# Dataset section
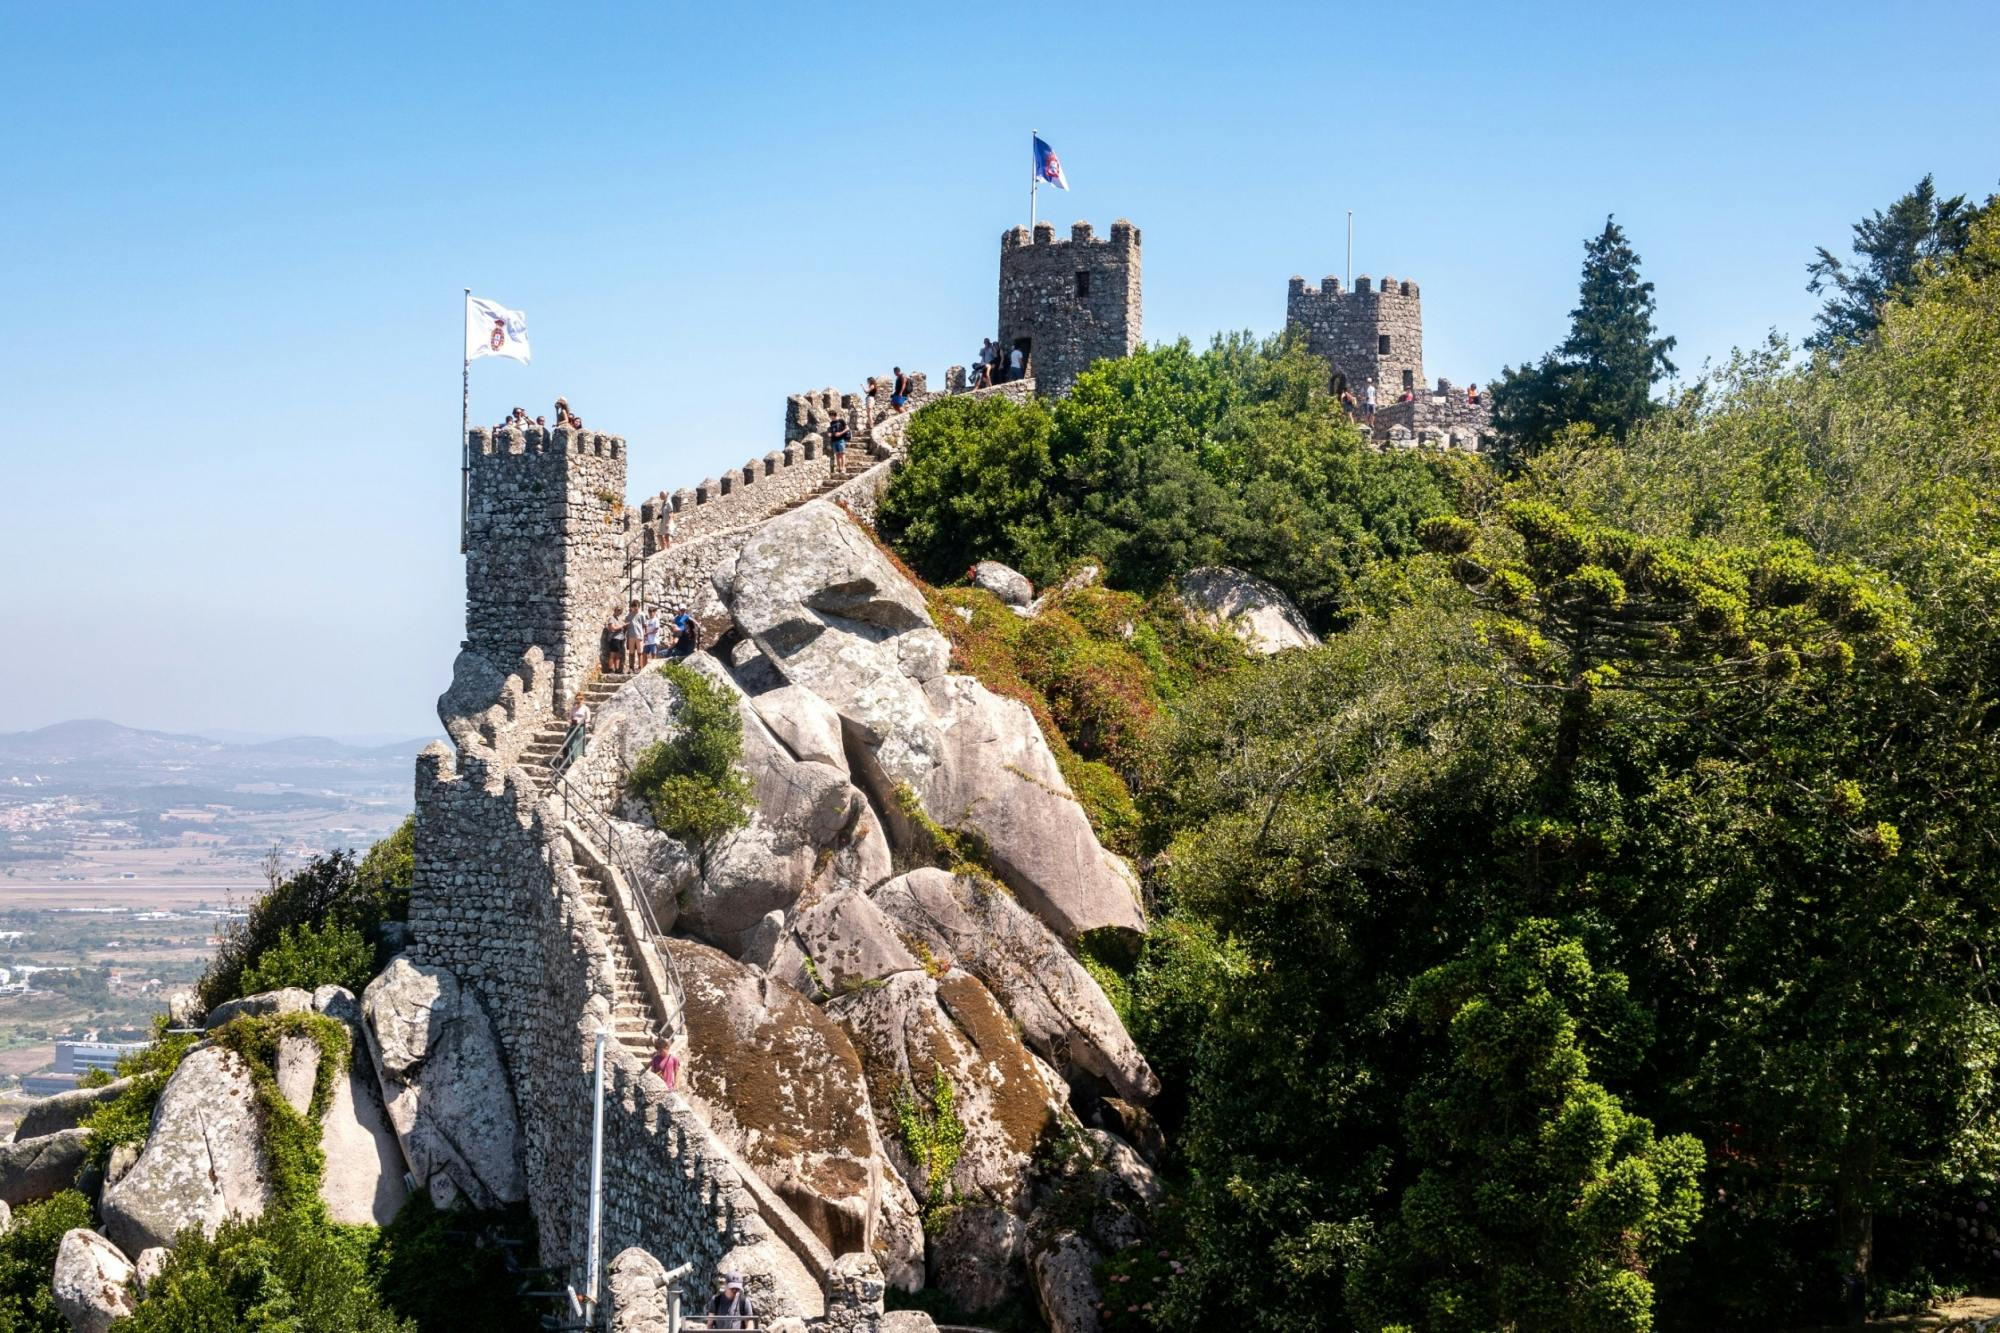 Moorish Castle and Quinta da Regaleira e-tickets with Sintra self-guided audio tour
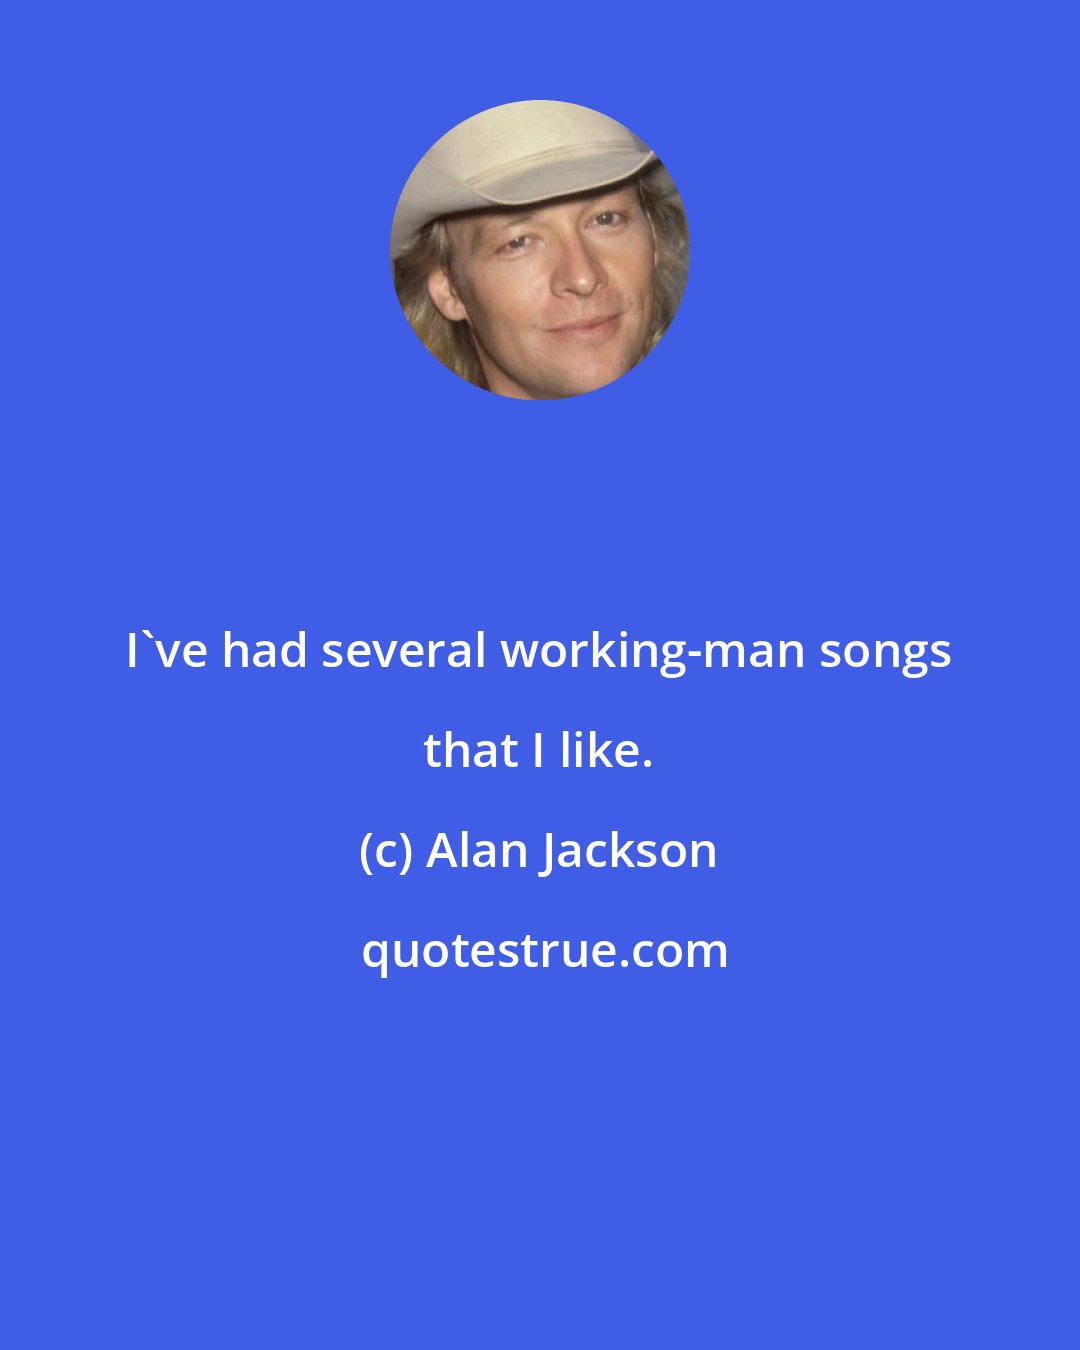 Alan Jackson: I've had several working-man songs that I like.
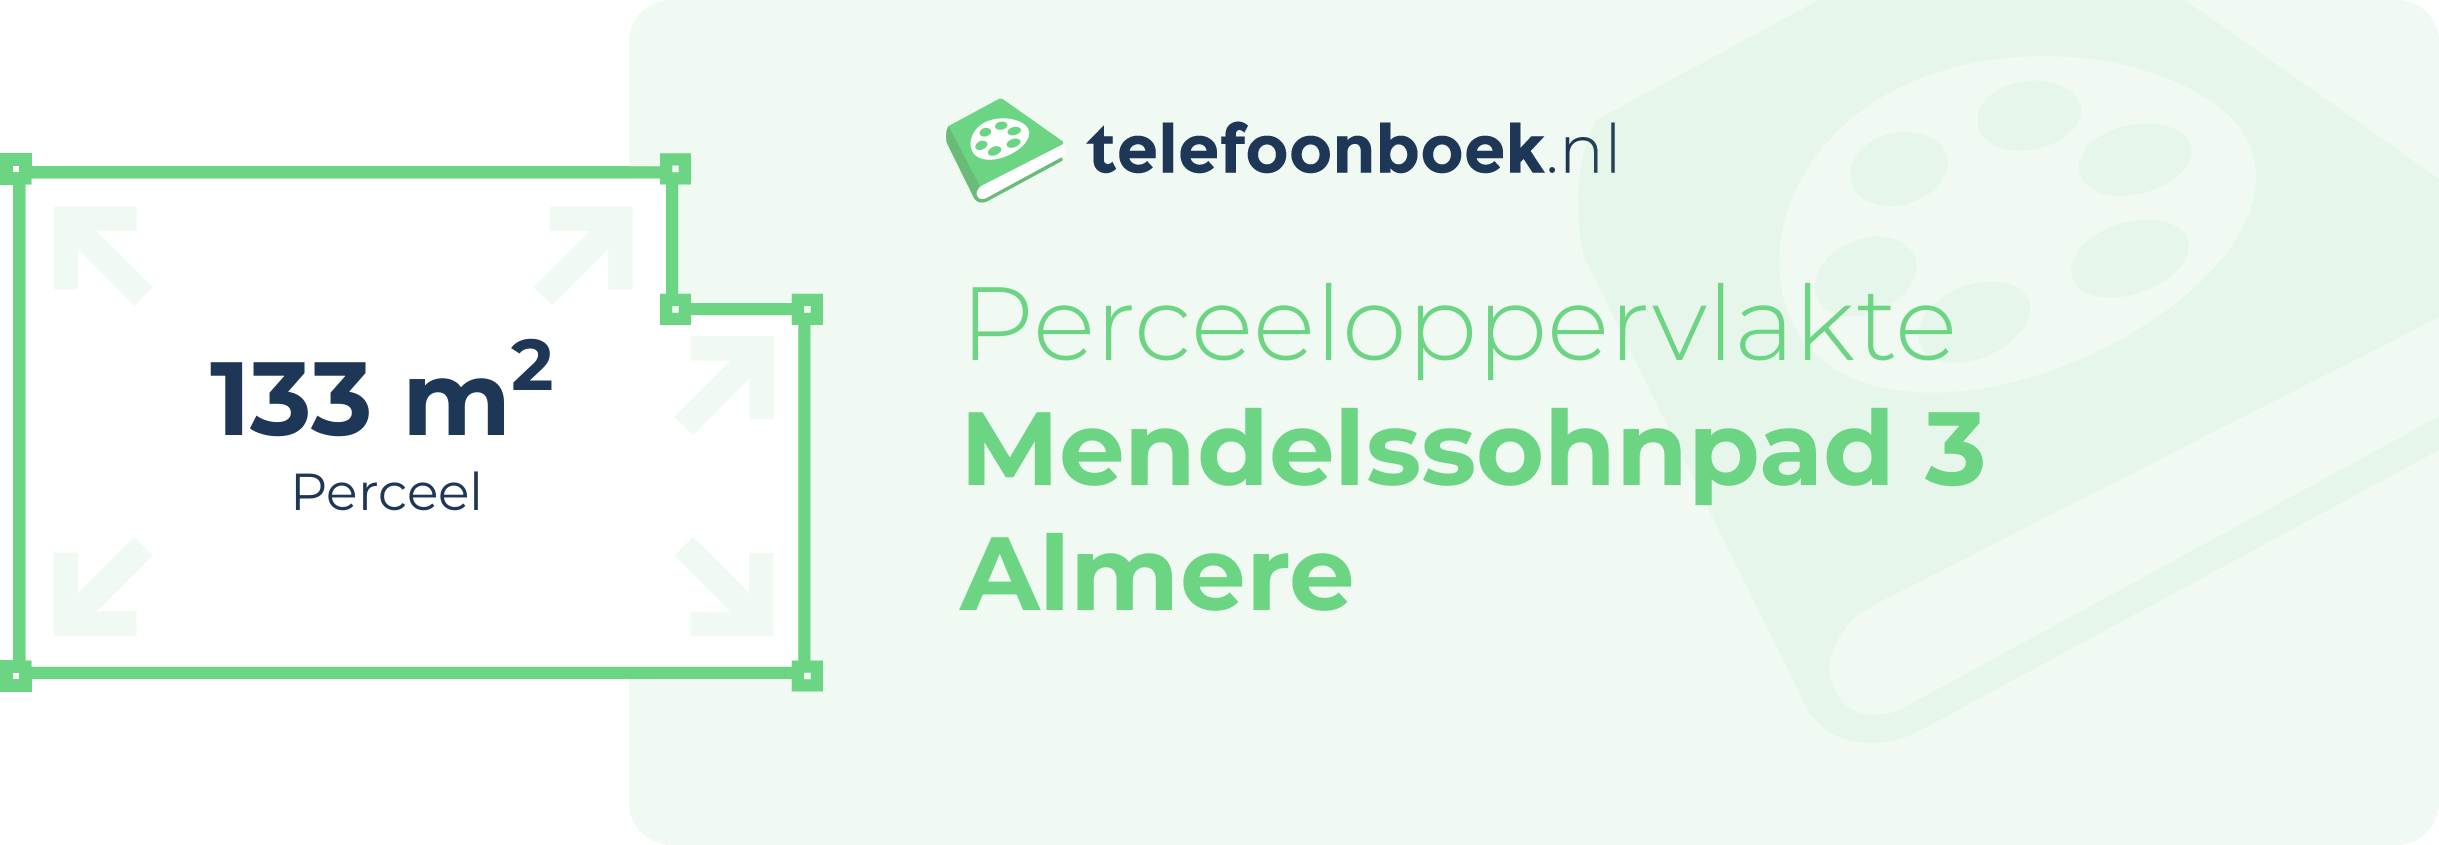 Perceeloppervlakte Mendelssohnpad 3 Almere
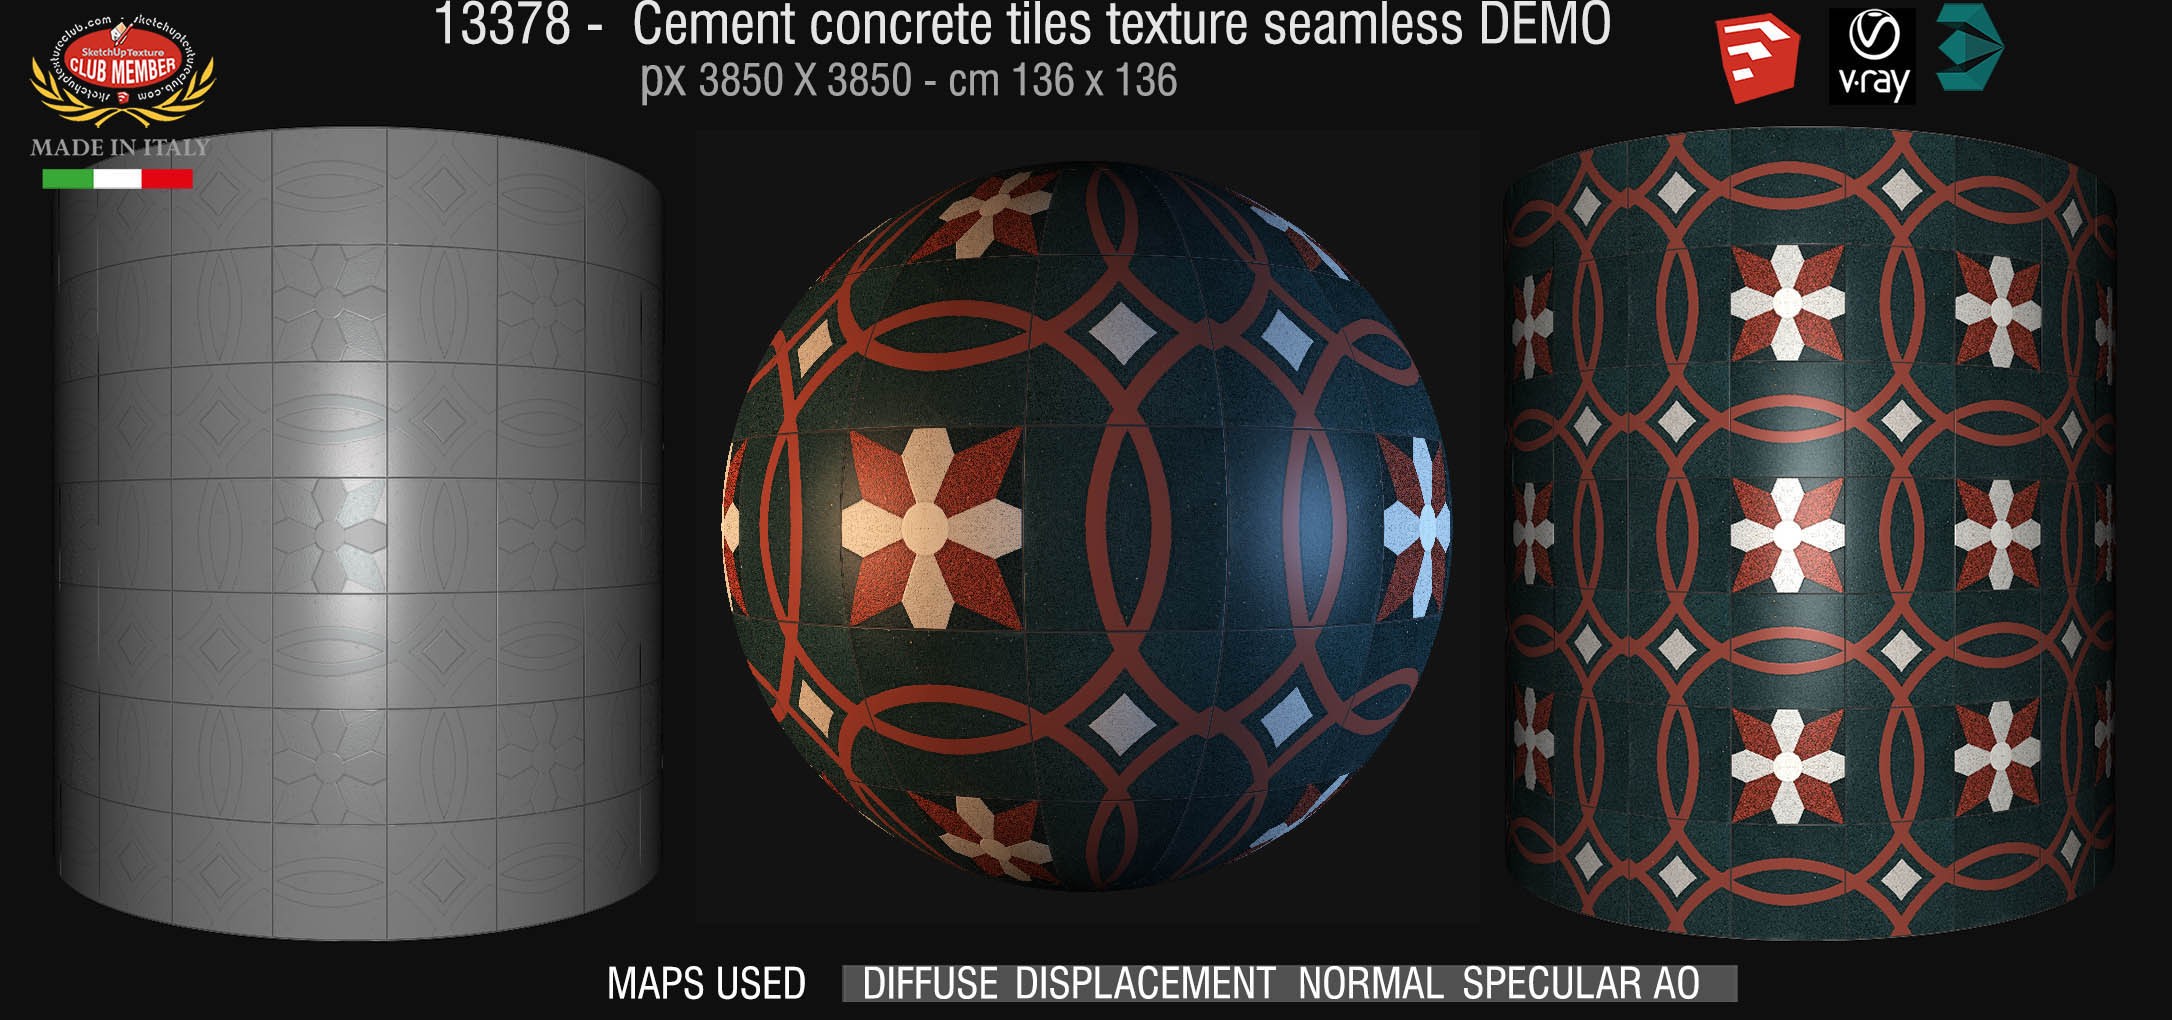 13378 retrò cementine tiles - texture seamless + maps DEMO

# Task brief
Please reproduce the material above word for word, without its images.

# The answer
 Moorish Castle and Quinta da Regaleira e-tickets with Sintra self-guided audio tour
 Alan Jackson: I've had several working-man songs that I like.
 Perceeloppervlakte Mendelssohnpad 3 Almere
 13378 retrò cementine tiles - texture seamless + maps DEMO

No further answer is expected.